A multi-objective feature selection method using Newton’s law based PSO with GWO

Abstract

In high dimensional data, the Feature Selection (FS) approach plays an important role in overcoming accuracy, time complexity, and space complexity. This paper proposes a binary version of the hybrid two-phase multi-objective FS approach, based on Particle Swarm Optimization (PSO) and Gray Wolf Optimization (GWO). The first objective is to minimize the classification error rate, and the second objective is to reduce the number of selected features.
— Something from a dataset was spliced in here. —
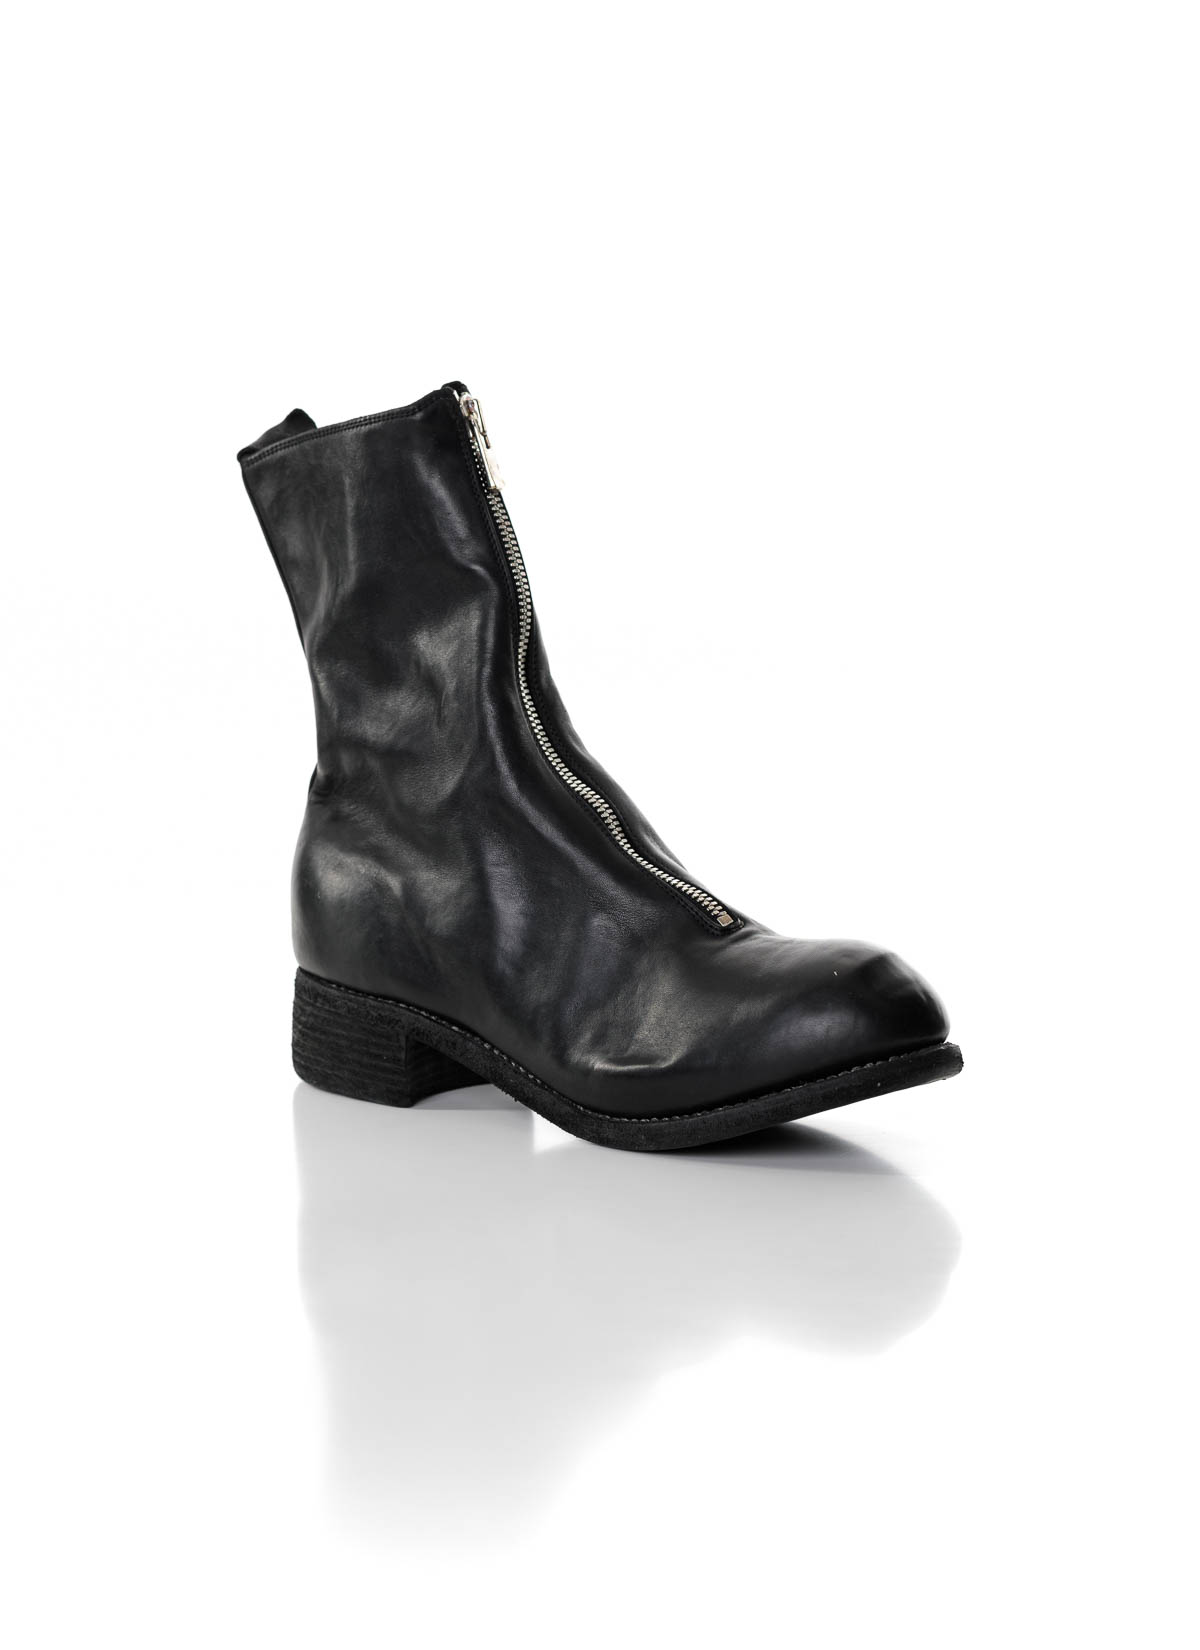 hide-m | GUIDI Men PL2 Front Zip Boot, black horse leather

In the first phase, the proposed approach performs the global search, and in the second phase, it goes for the local search. In the case of global search, i.e., for the exploration phase, the property of PSO is used. In the case of local search, i.e., for the exploitation phase, the proposed method uses the modified version of PSO and GWO. The particles are learning not only from the positions but also from the mass and acceleration, based upon Newton’s second law of motion. In some cases, while in the iterations for updation of particles, a stall arises. Due to which the particles are not updating their positions. To avoid the stall in the iterations, this paper introduces a new term, i.e., population factor, which can omit the stall in the iterations if it arises. The prominent features which are selected from the proposed approach are tested on five well-known classification algorithms. The performance of the proposed approach is investigated on eight high-dimensional gene expression data. Experimental results comparison shows that the proposed approach for FS performs efficiently and effectively than other metaheuristics, statistical, and multi-objective FS methods.